The Standard Abstract Log levels are defined (from the highest priority to lowest) as:

CRITICAL (Optional) - When a system has completely failed.
ERROR can also be used for this.
ERROR - Something has failed which normally should not.
Does not have to be a fatal failure.
The Log message should clearly show if the error is fatal or unrecoverable.
- For example, a failed DB connection is an ERROR but is not fatal.
- Errors should be considered not fatal, unless they explicitly state otherwise.
WARNING - Something which can happen, but normally shouldn't.
INFO - Important System informational messages.
DEBUG - Highest level detailed system operation logs.
TRACE - Verbose and detailed system operation logs.

Individual languages may use different terms for these, and may have more or less defined levels. Use the language's native log levels which map closest to this list. For example, some languages do not have CRITICAL, we would map that level to ERROR. In all such cases, use the next most appropriate level which matches closest with the above definitions.

Logging in Libraries¶

Libraries SHOULD NOT use INFO level logs.
this level of log should be used only by applications or services.
Libraries MAY use any other log level.

Log Verbosity¶

Logs should aim to provide exactly the right amount of information, and no more.

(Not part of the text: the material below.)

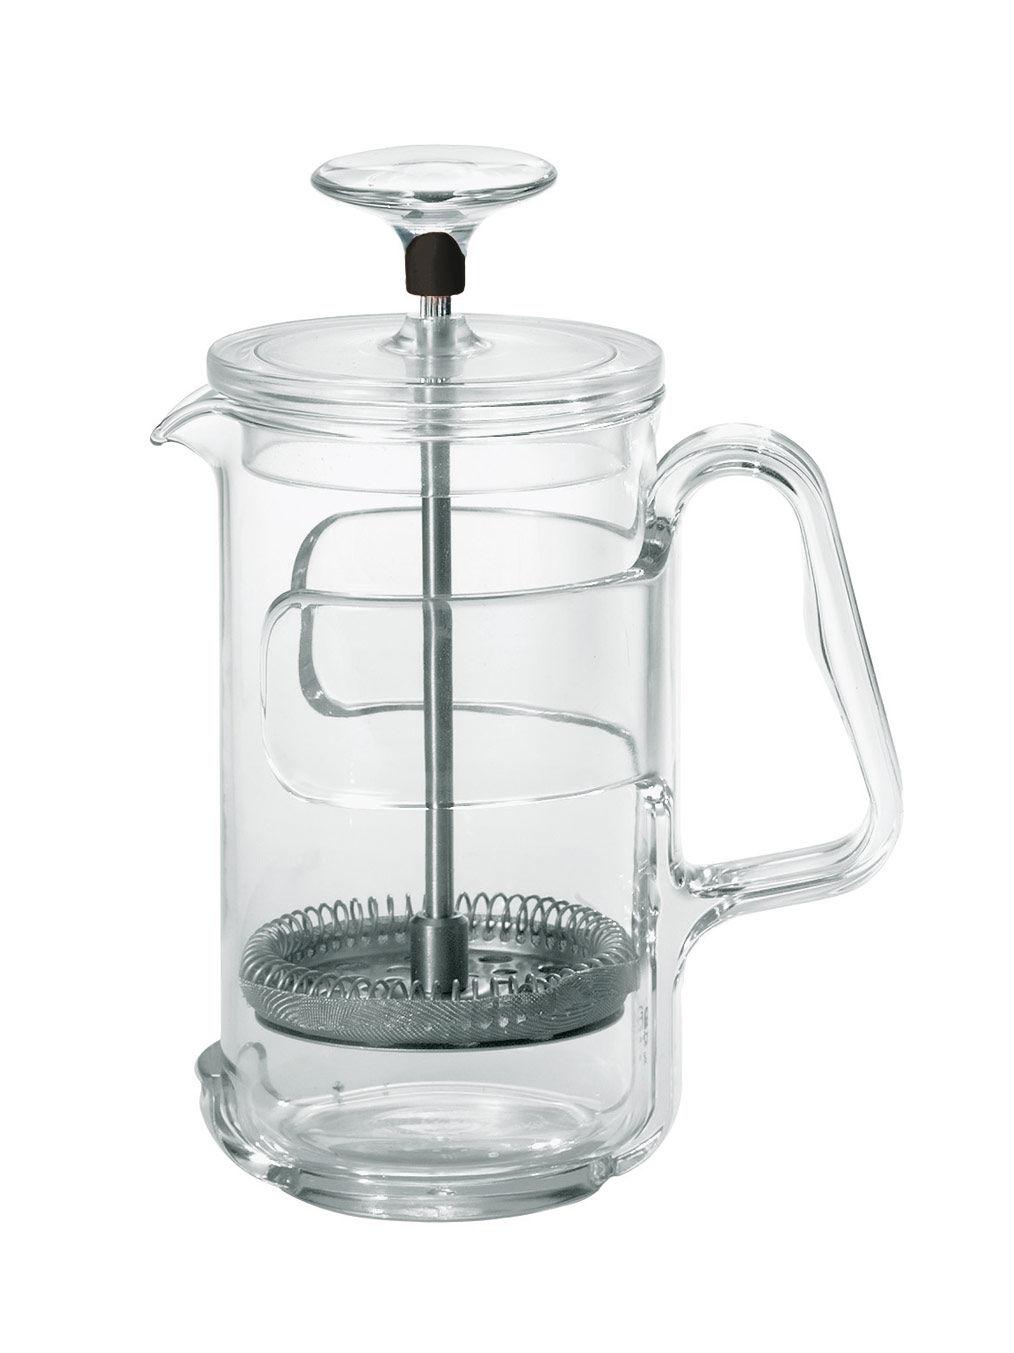 cafeti re piston in fusion pour caf et th 3 tasses 3 tasses noir guzzini. Black Bedroom Furniture Sets. Home Design Ideas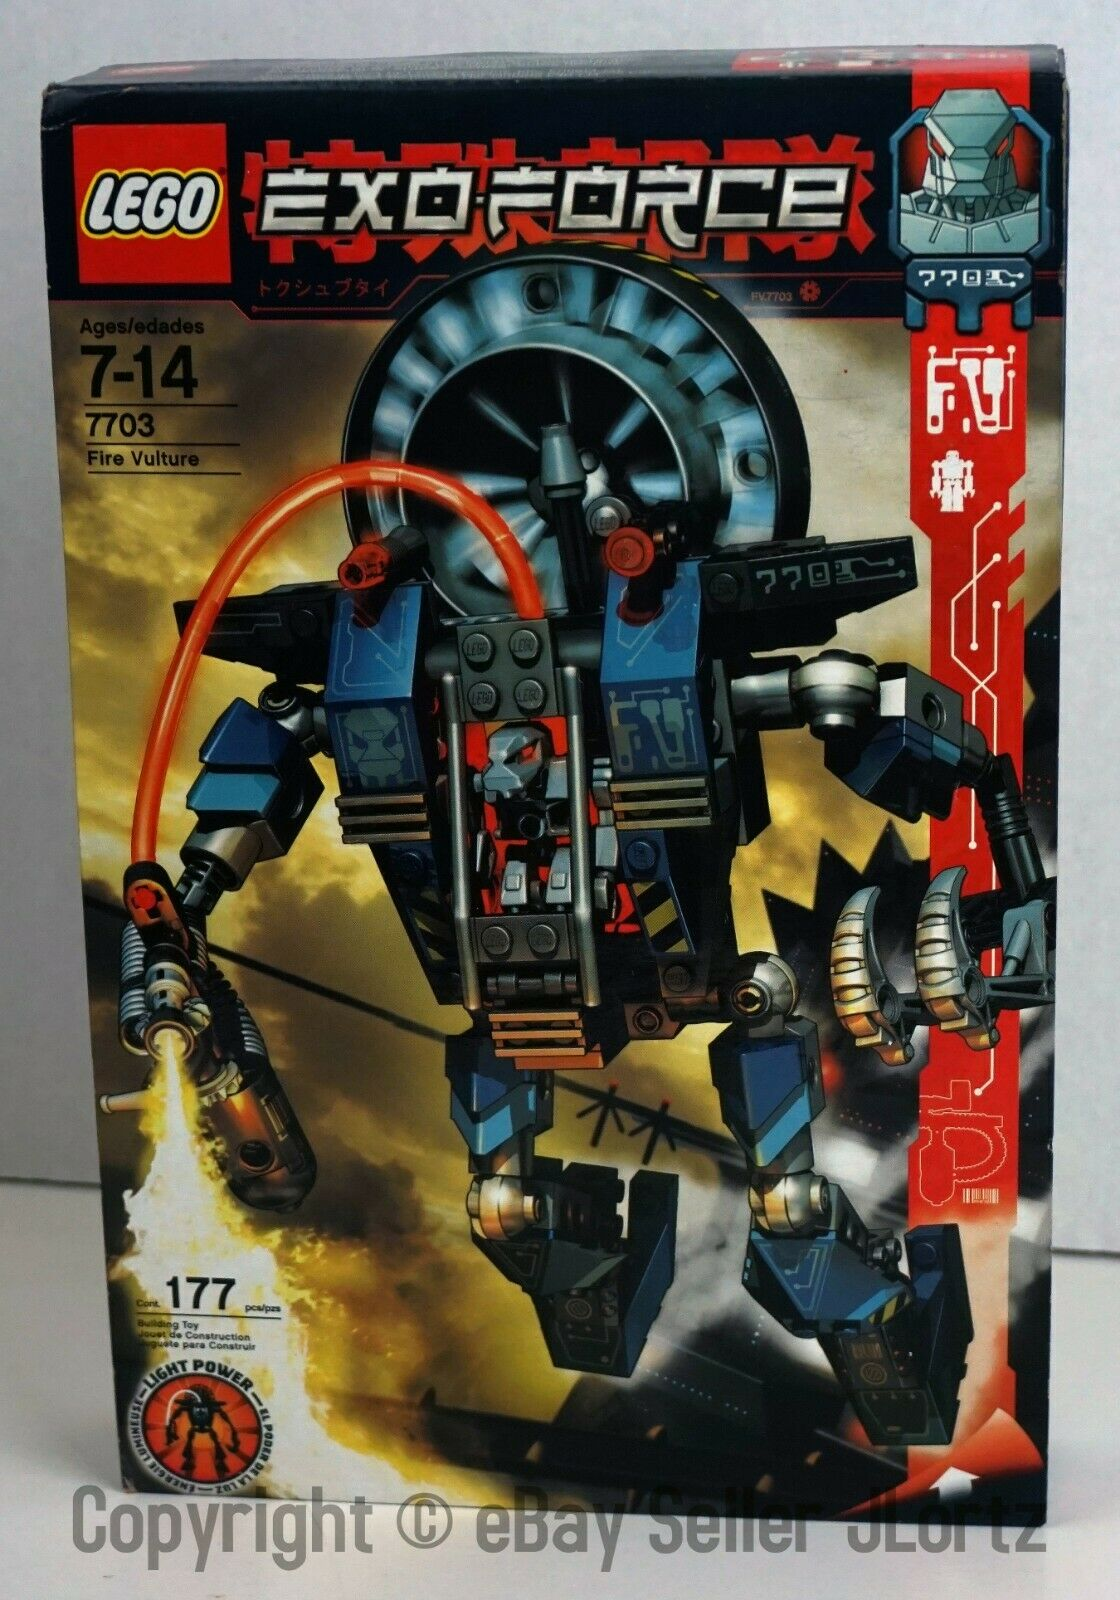 Lego 7703 Exo-Force fuego Buitre-Vintage 2006 Exo Force Nuevo

All ERROR logs should be logged in the most appropriate location.
ERROR or WARNING logs, SHOULD include enough context to identify the actual source of the error.
Info level logs should only be used to provide IMPORTANT operational data.
Such as:
- Build or configuration information.
- The start of internal persistent services
INFO logs should not typically continuously stream as a result of normal system use.
API Endpoint statistics logs are an example of an exception to this guidance.
- However, they SHOULD also have a method of selectively enabling/disabling these INFO logs.
- The same principle SHOULD apply to any other regularly logged INFO level logs that may be required.
DEBUG level logs should be assumed to be enabled selectively in production.
Their purpose SHOULD be aimed to helping to diagnose faults.
Detailed and Verbose or Streaming Debug level logs should be at TRACE level.

Example of Unstructured Logging to avoid¶

An example of unstructured logging in rust, which is not to be used:

    error!("Hello {name} An error occurred in {thing}, doing {something:?}: {err}");

The problems this example exhibits are:

This is difficult to process with automation.
It would need to be searched with a regex.
The fixed words probably appear in similar patterns in other log messages, making it difficult to discern what the log is about.
It may be easy for a developer to read. However, it is not easy to read when there are tens of thousands of logs from multiple instances of a service.

Example of Structured Logging to utilize¶

Instead, we should use:

    error!(name=name, thing=%thing, something=?something, error=?err, "An error occurred processing named updates to the database");

Each piece of dynamic data is a field, including the string representation of the error.
The message explains what the error is and helps locate the log both in the log messages itself, and in the code.

Risks¶

The only risk relates to not doing structured logging. It will make the system harder to manage for Operations and Support staff.

ALWAYS REMEMBER: Log messages are intended to be primarily read by operations and support staff. Do not assume they know how the code works, just because you might. Attempt to make log messages helpful to the people who will work with the system.

Consequences¶

Structured logging makes searching, summarizing and parsing log messages significantly easier. Without it, log messages quickly become difficult to use, which defeats the purpose of generating them.